*Task to carry out*: Take the whole listing and reproduce it exactly, pictures excepted.

*Given material*:

——

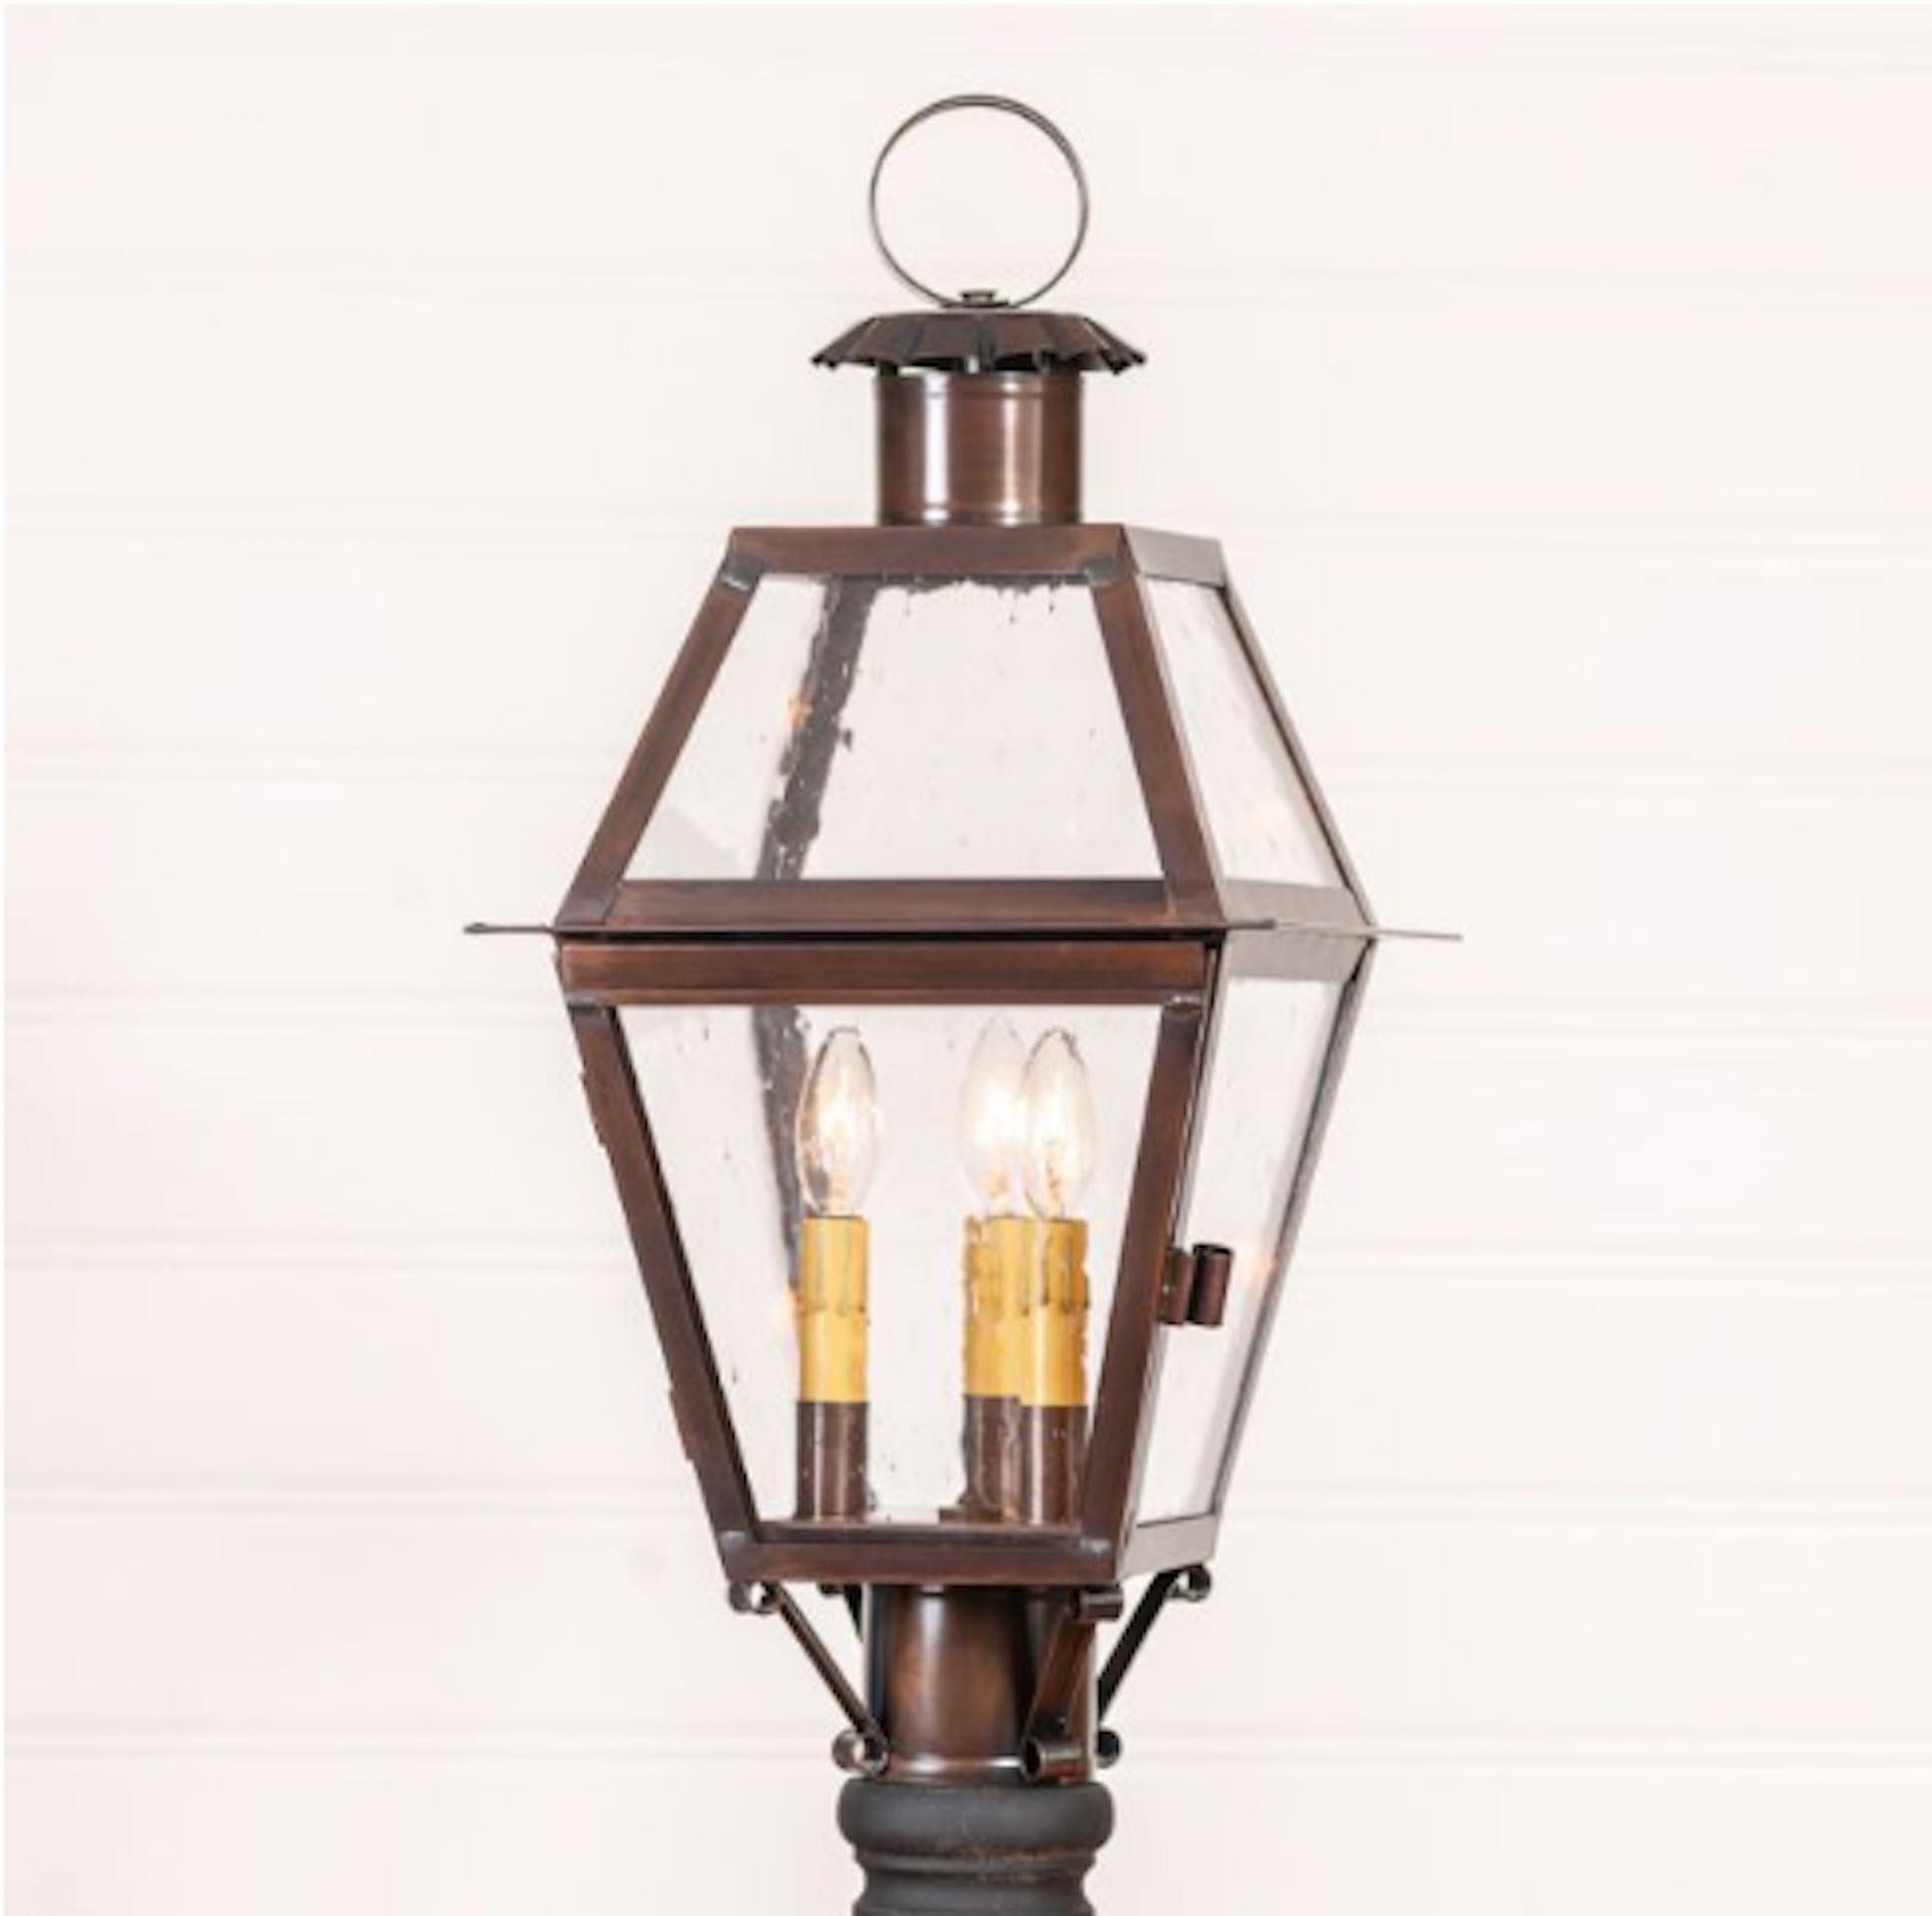 Vintage | Colonial Revival | Small Post Lantern
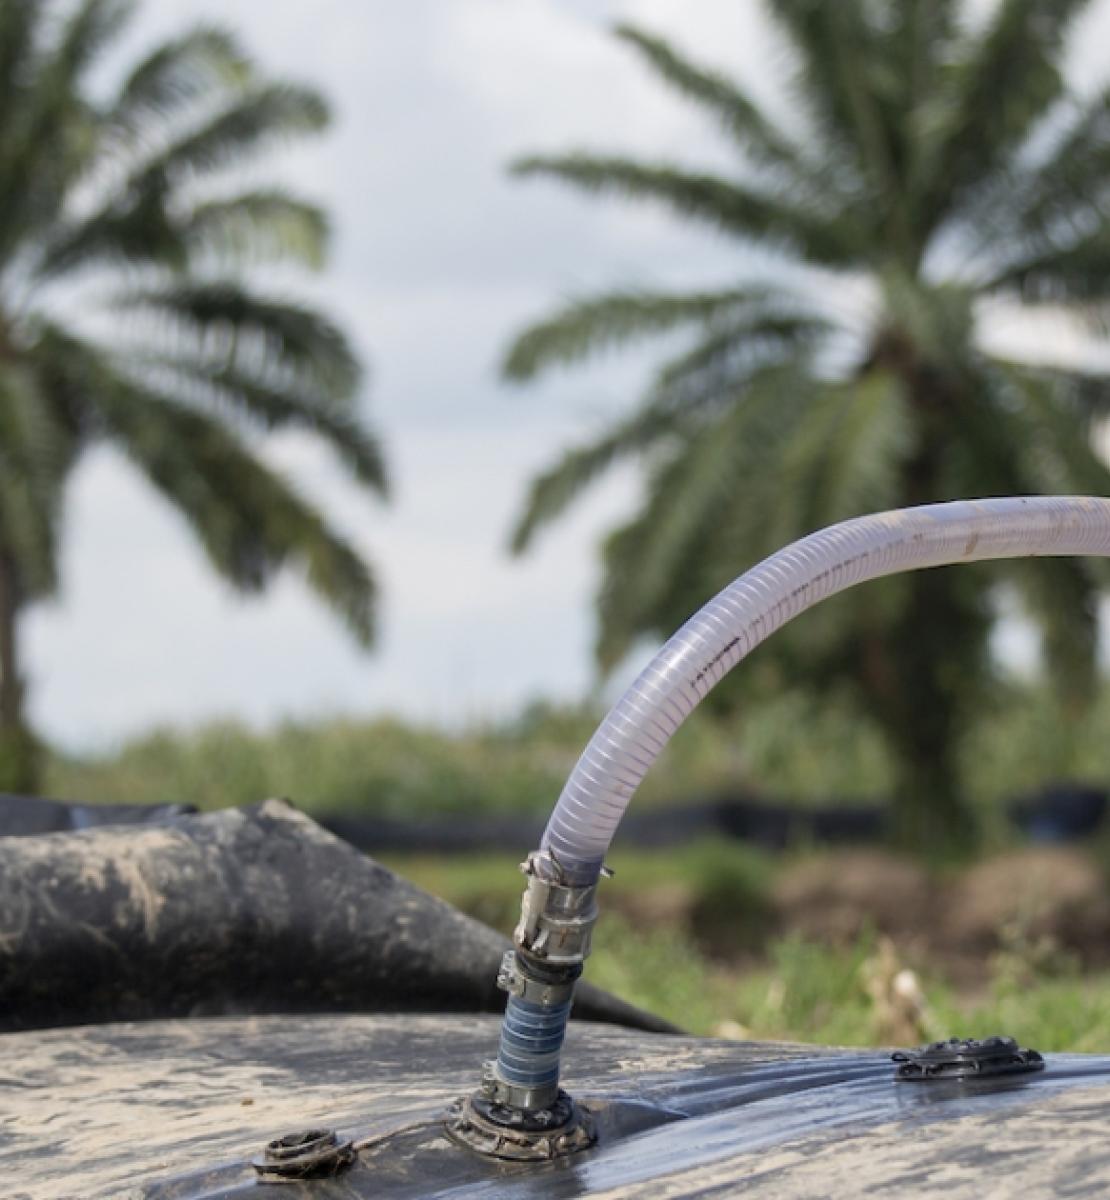 In Burundi, a young man wearing gray pants and a t-shirt without sleeves uses a hose to pump water from a portable dam set up near two palm trees.
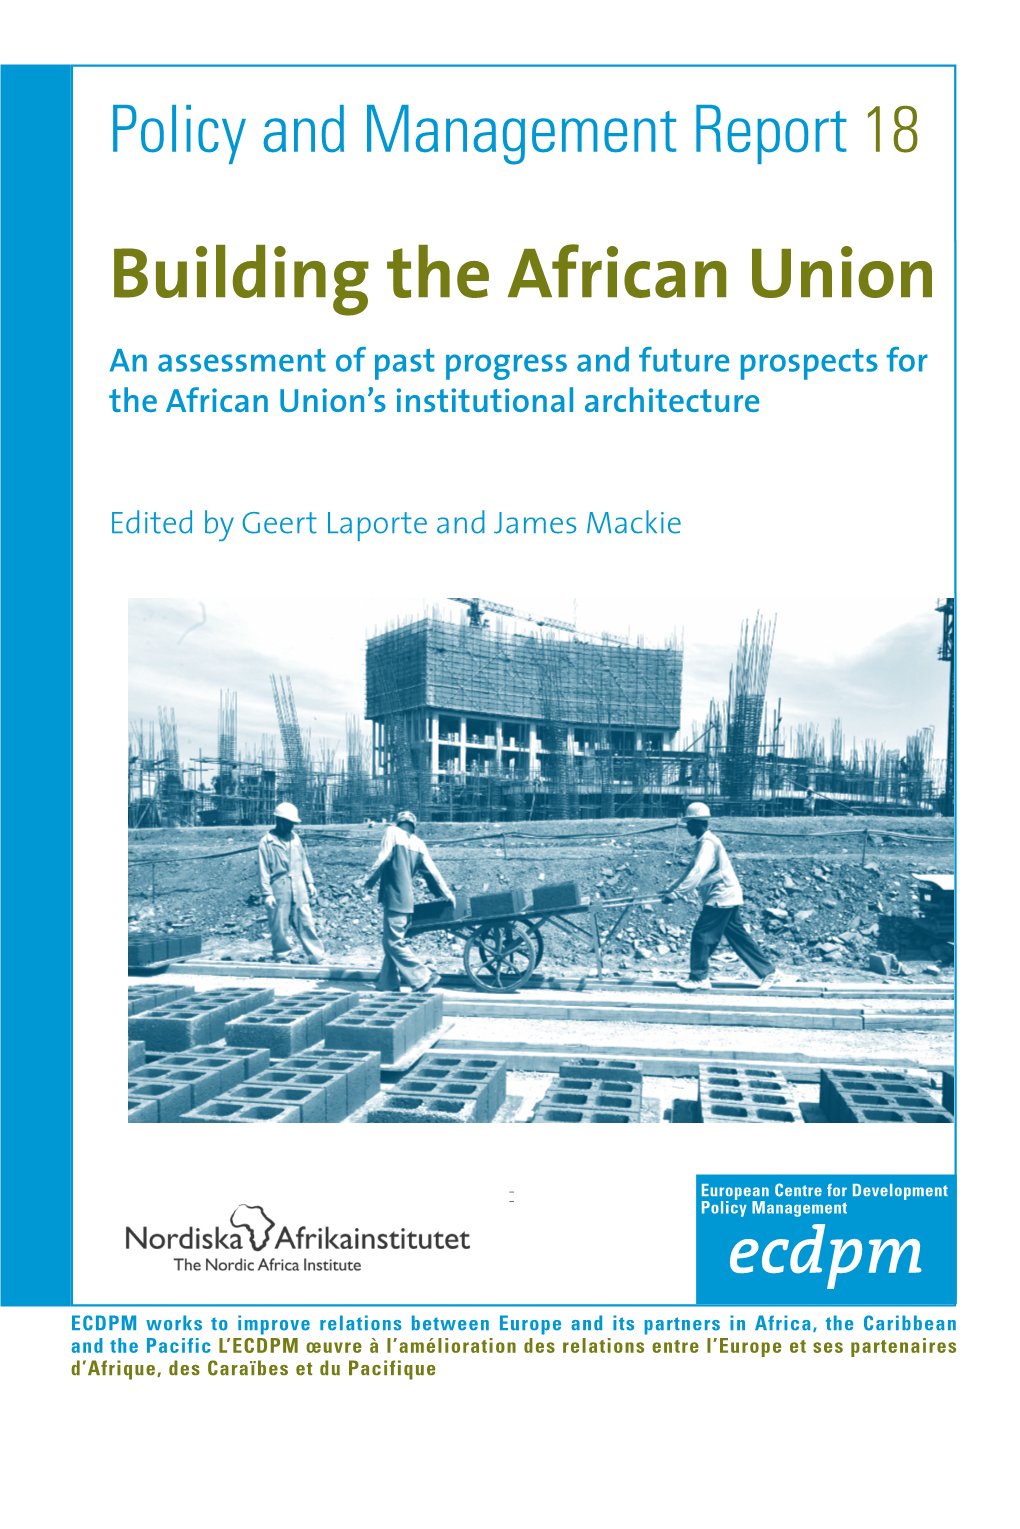 Policy and Management Report 18 Building the Africanpolicy 18 Building Union Report and Management Policy and Management Report 18
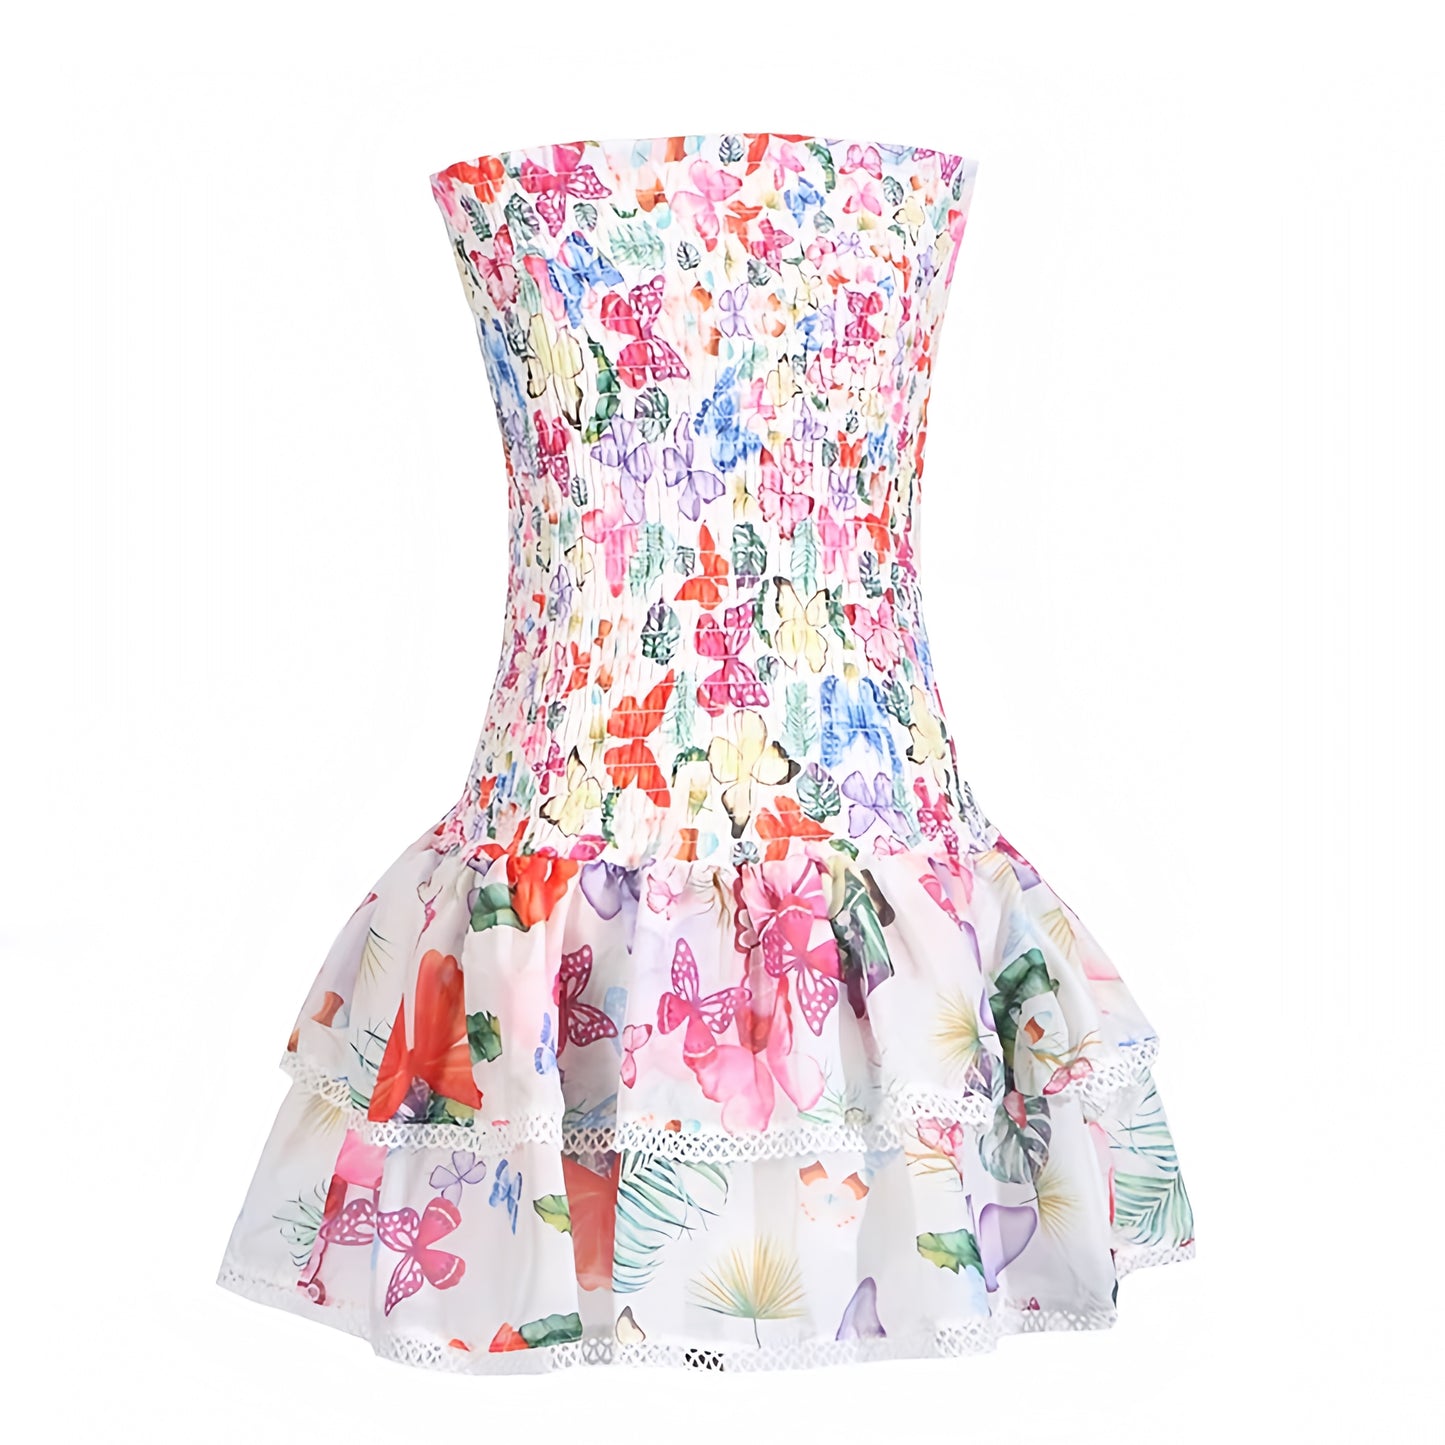 floral-print-white-rainbow-red-blue-pink-green-multi-color-butterfly-patterned-slim-bodycon-embroidered-layered-ruffle-trim-smocked-shirred-bodice-drop-waist-fit-and-flare-sweetheart-neckline-strapless-bandeau-sleeveless-spaghetti-strap-halter-tiered-flowy-boho-bohemian-short-mini-dress-couture-women-ladies-teens-tweens-chic-trendy-spring-2024-summer-elegant-semi-formal-casual-feminine-preppy-style-prom-homecoming-party-tropical-european-sundress-charo-ruiz-zimmerman-altard-state-loveshackfancy-dupe

——

*Result*:
 Vintage | Colonial Revival | Small Post Lantern
 In Burundi, a young man wearing gray pants and a t-shirt without sleeves uses a hose to pump water from a portable dam set up near two palm trees.
 Policy and Management Report 18 Building the Africanpolicy 18 Building Union Report and Management Policy and Management Report 18
 floral-print-white-rainbow-red-blue-pink-green-multi-color-butterfly-patterned-slim-bodycon-embroidered-layered-ruffle-trim-smocked-shirred-bodice-drop-waist-fit-and-flare-sweetheart-neckline-strapless-bandeau-sleeveless-spaghetti-strap-halter-tiered-flowy-boho-bohemian-short-mini-dress-couture-women-ladies-teens-tweens-chic-trendy-spring-2024-summer-elegant-semi-formal-casual-feminine-preppy-style-prom-homecoming-party-tropical-european-sundress-charo-ruiz-zimmerman-altard-state-loveshackfancy-dupe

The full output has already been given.